The healthcare organisation remains accountable for the access it grants, even when a vendor performs the work. Security, IAM, and clinical operations leaders need defined ownership for approval, monitoring, and revocation so that vendor risk does not become an unowned gap in the identity programme.
Why This Matters for Security Teams
When a vendor session exposes healthcare data, the central issue is not who touched the system last, but who granted the access and who is responsible for limiting it. Vendor work is often approved as a business necessity, yet the resulting session can traverse clinical systems, patient records, logging infrastructure, and downstream integrations. That makes accountability a governance problem, not just an access problem.
Current guidance across healthcare and identity security consistently points to the same failure mode: third-party access is frequently over-broad, weakly monitored, and left active longer than intended. NHIMG research shows that 92% of organisations expose NHIs to third parties, raising supply chain risk, while only 20% have formal processes for offboarding and revoking API keys.

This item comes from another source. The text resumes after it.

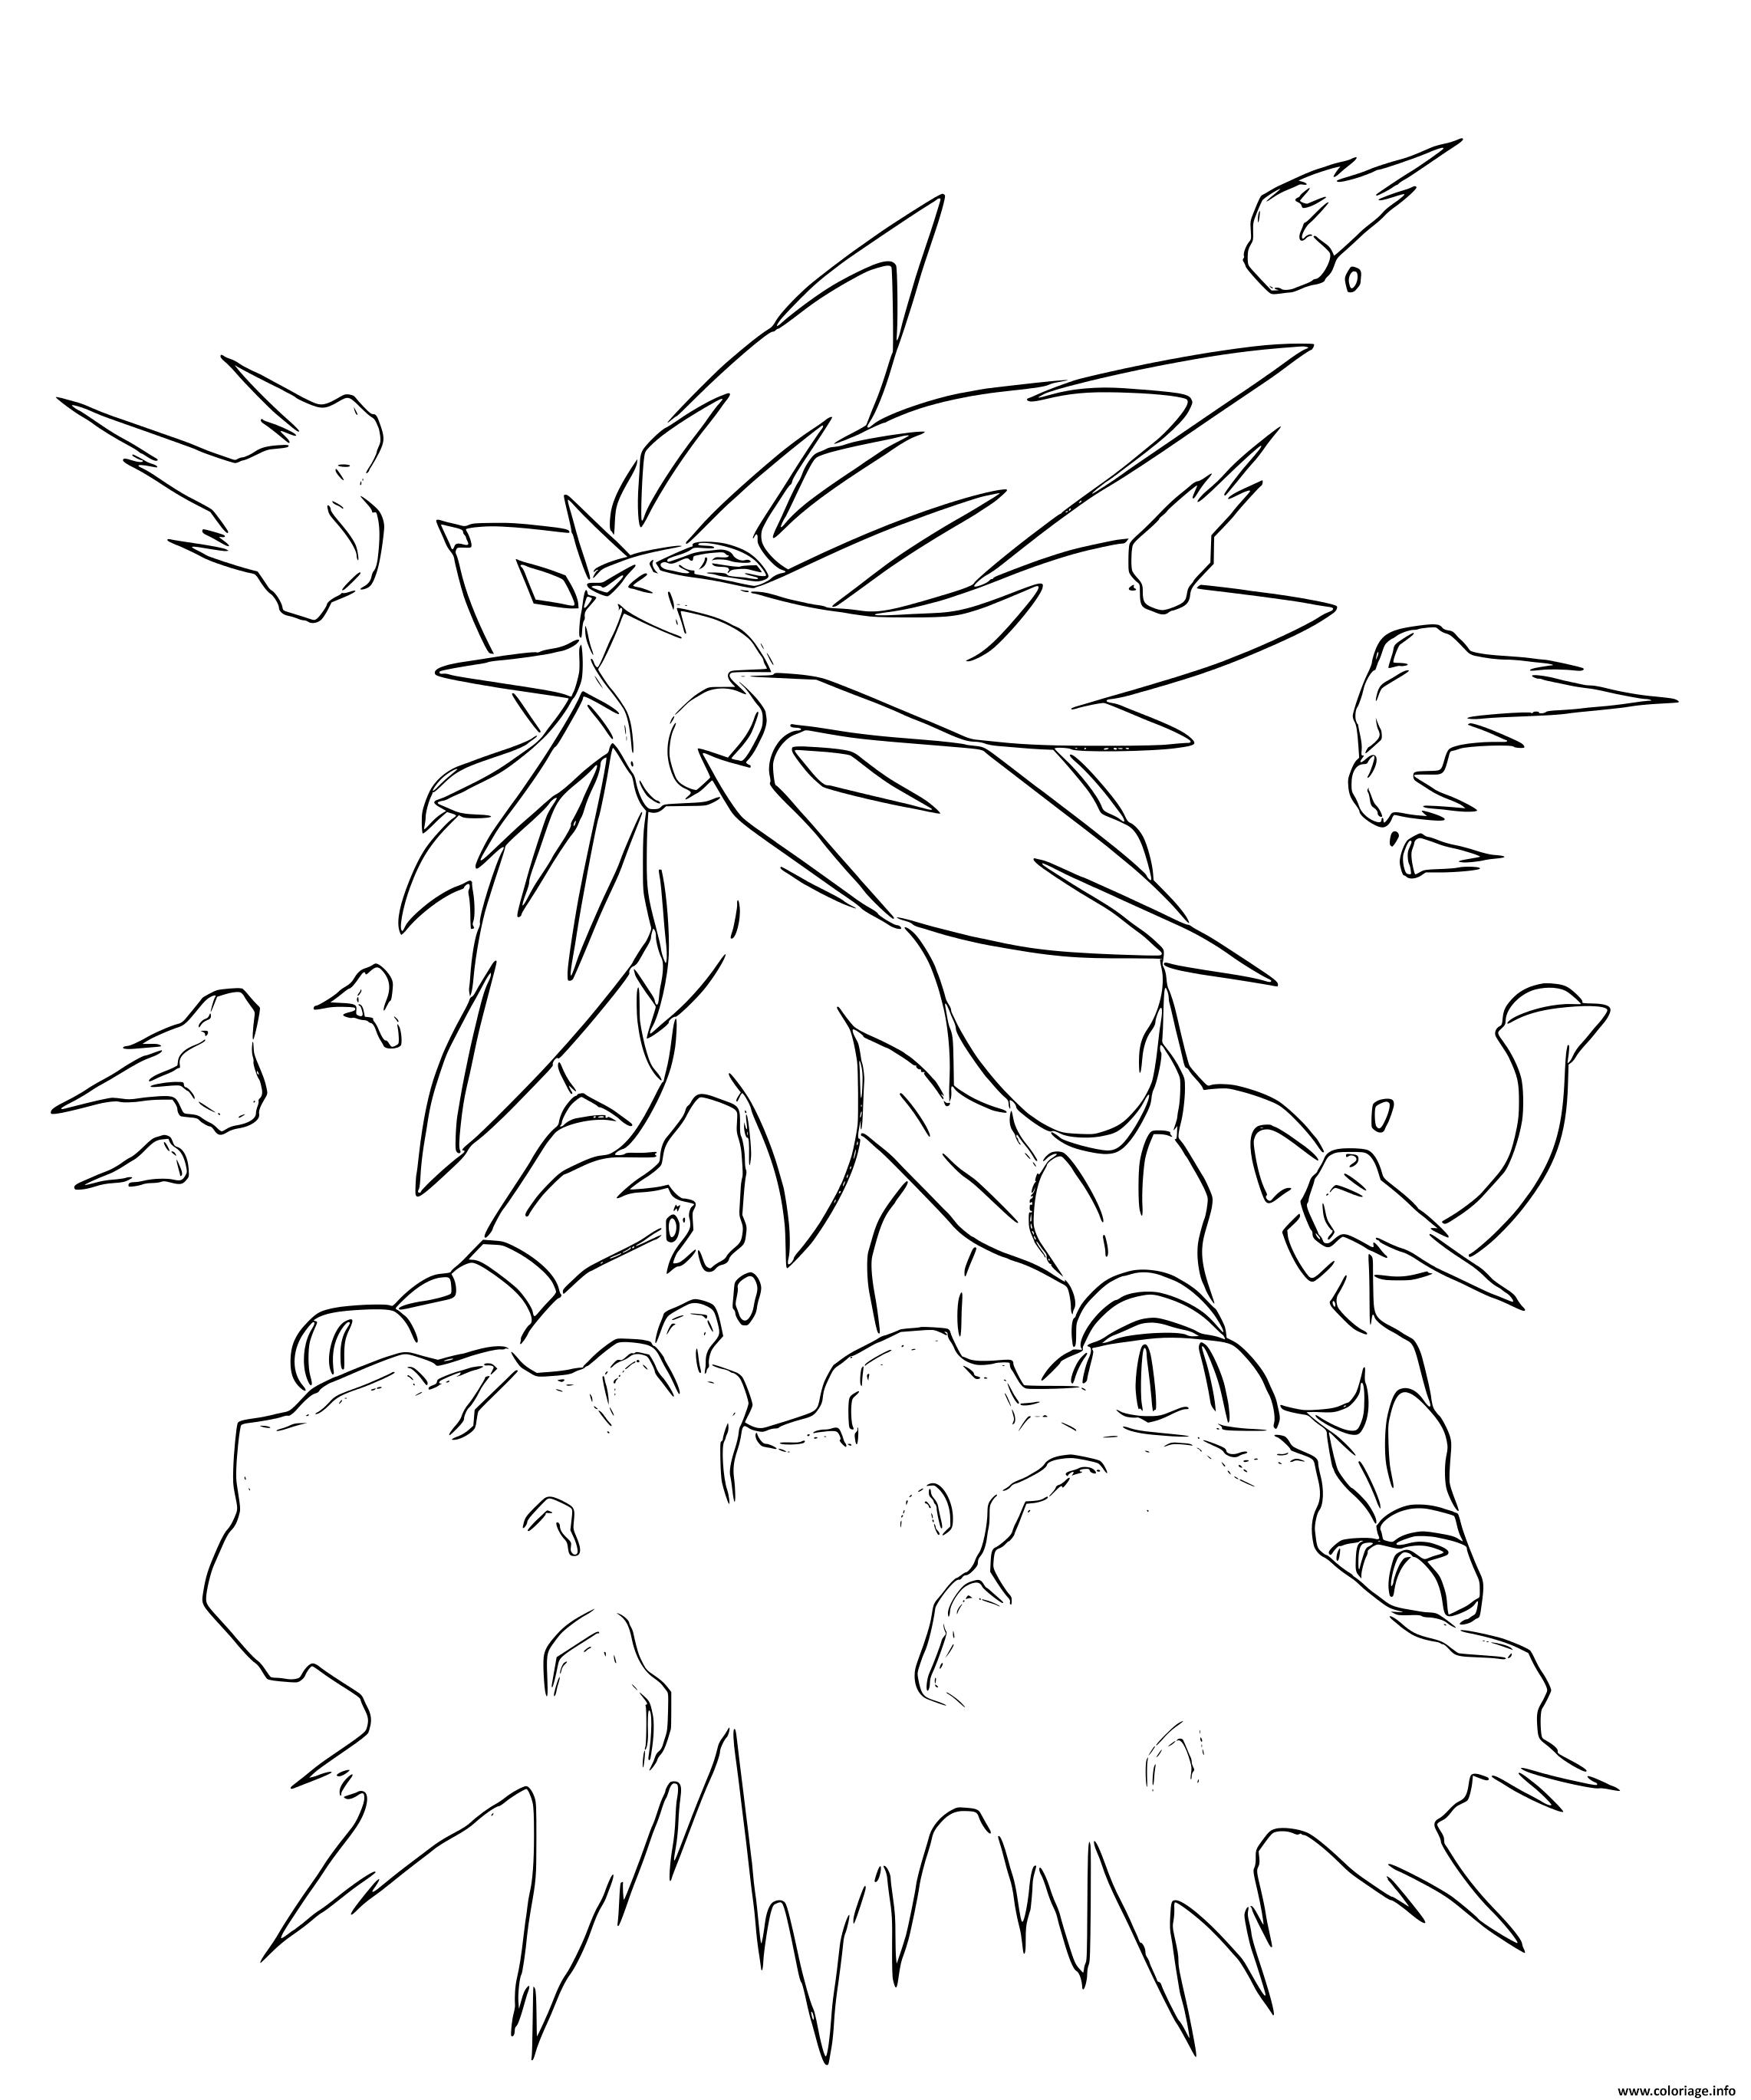 Dessin Solgaleo Pokemon Legendaire Coloriage Gratuit à Imprimer

For background on the broader exposure patterns, see Ultimate Guide to NHIs — Why NHI Security Matters Now and The 52 NHI breaches Report.

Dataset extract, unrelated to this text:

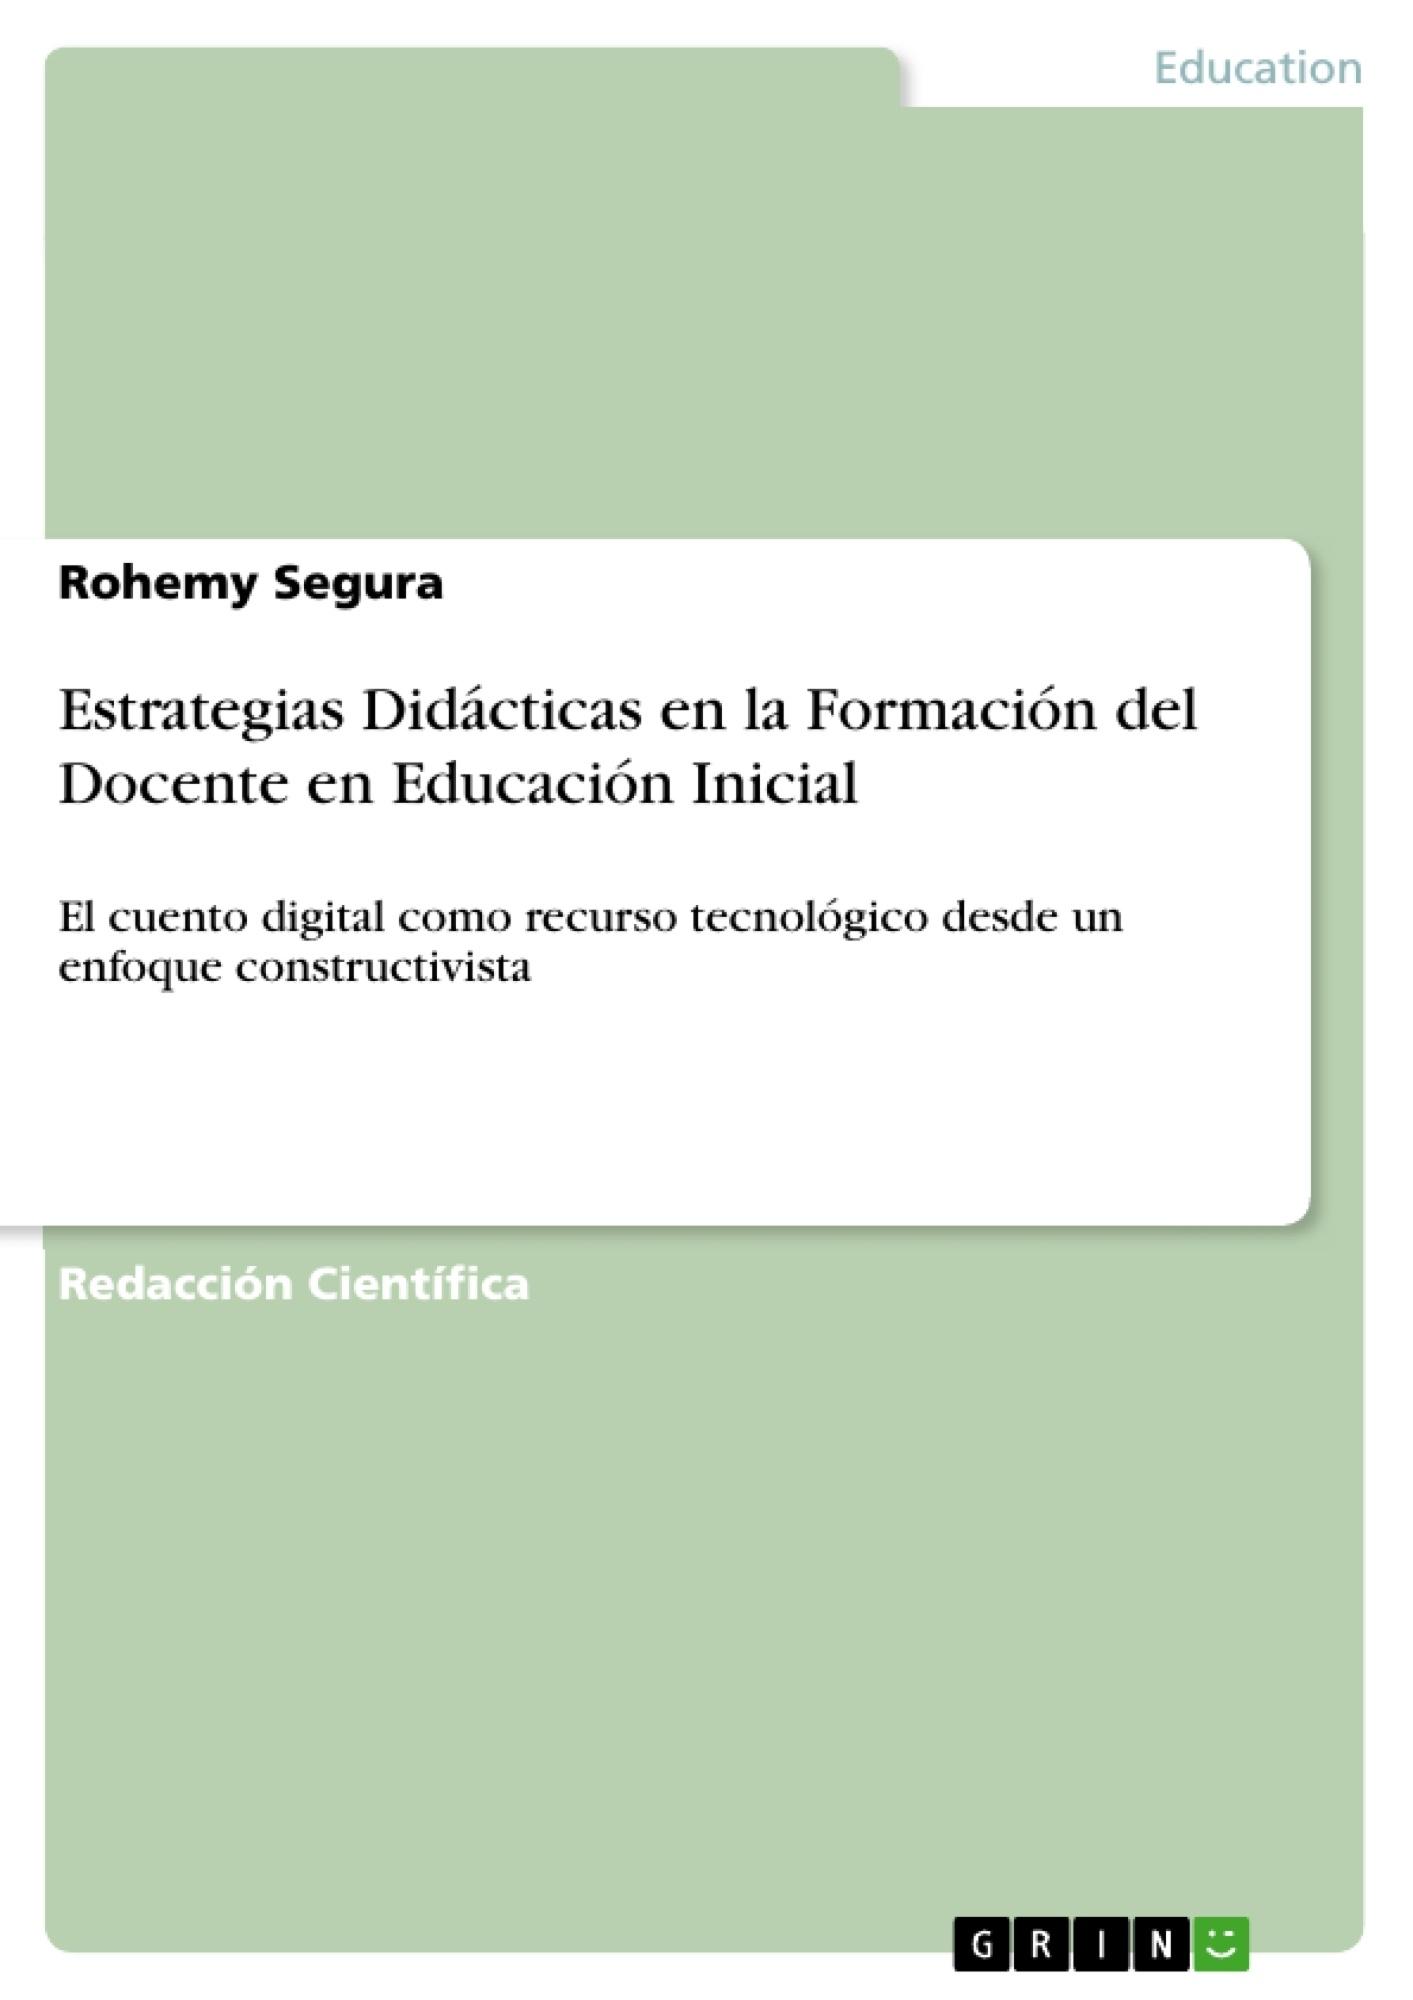 Título: Estrategias Didácticas en la Formación del Docente en Educación Inicial

In practice, many security teams encounter vendor exposure only after audit findings, incident response, or a clinical data review has already shown the session persisted beyond its approved purpose.
How It Works in Practice
Accountability should be defined before a vendor session is issued, because the organisation that authorises access remains responsible for the risk created by that access. That usually means assigning named owners for approval, monitoring, time-bound access, and revocation across security, IAM, and the business function that requested the work. The vendor may execute the task, but the healthcare organisation owns the control environment.
The practical model is to treat vendor access as a controlled identity event rather than a standing relationship. Best practice is evolving toward just-in-time access, short-lived credentials, and step-up approval for sensitive systems. Access should be tied to a specific purpose, a specific duration, and a specific scope. Monitoring should confirm not only that a session occurred, but that the session stayed within the approved patient data boundary. For implementation patterns, CISA Identity and Access Management guidance is useful for control design, while NHIMG’s Ultimate Guide to NHIs — Key Research and Survey Results highlights how often these controls fail in real environments.
- Approve access through a documented business owner, not an informal ticket chain.
- Issue the minimum session scope needed for the task and set an automatic expiry.
- Log who approved, who used, what data was accessed, and when revocation occurred.
- Revoke access immediately when the vendor task ends or the approved purpose changes.
- Review vendor sessions alongside privileged access and clinical access exceptions.
These controls tend to break down in shared-service environments where multiple vendors use the same accounts or when legacy healthcare platforms cannot enforce per-session scoping.
Common Variations and Edge Cases
Tighter vendor access control often increases operational overhead, requiring organisations to balance clinical turnaround time against stronger containment of patient data exposure. That tradeoff becomes sharper during urgent support windows, where the business wants rapid remediation but the identity process still needs clear ownership and revocation.
There is no universal standard for this yet, but current guidance suggests treating emergency access, outsourced operations, and tooling vendors differently. A break-glass session should have its own approval path, logging, and after-action review. A managed service provider handling system administration should not inherit broad patient record access simply because it supports the platform. And where the vendor is operating automation or agentic workflows, accountability must include both the human approver and the system that issued the credentials, because autonomous behaviour can expand access beyond the original intent. That is why NHIMG’s broader research on identity governance and third-party exposure remains relevant, especially alongside emerging agent behaviour documented in the Anthropic report on AI-orchestrated cyber espionage.
The most common edge case is a vendor session that is technically “approved” but operationally unowned, with no one accountable for monitoring it once the request is fulfilled.
Standards & Framework Alignment
This section maps relevant standards and security frameworks to the operational risks and controls described in this guidance.
OWASP Non-Human Identity Top 10 address the attack and risk surface, while NIST CSF 2.0 and NIST AI RMF set the governance and control requirements practitioners need to meet.
| Framework | Control / Reference | Relevance |
|---|---|---|
| OWASP Non-Human Identity Top 10 | NHI-01 | Vendor sessions are NHI access events that need ownership and scope control. |
| NIST CSF 2.0 | PR.AC-4 | Third-party access must be managed and reviewed as part of access control. |
| NIST AI RMF | Autonomous or vendor-operated AI workflows require accountable governance and oversight. |
Define accountable owners and runtime oversight for any agentic or automated vendor access.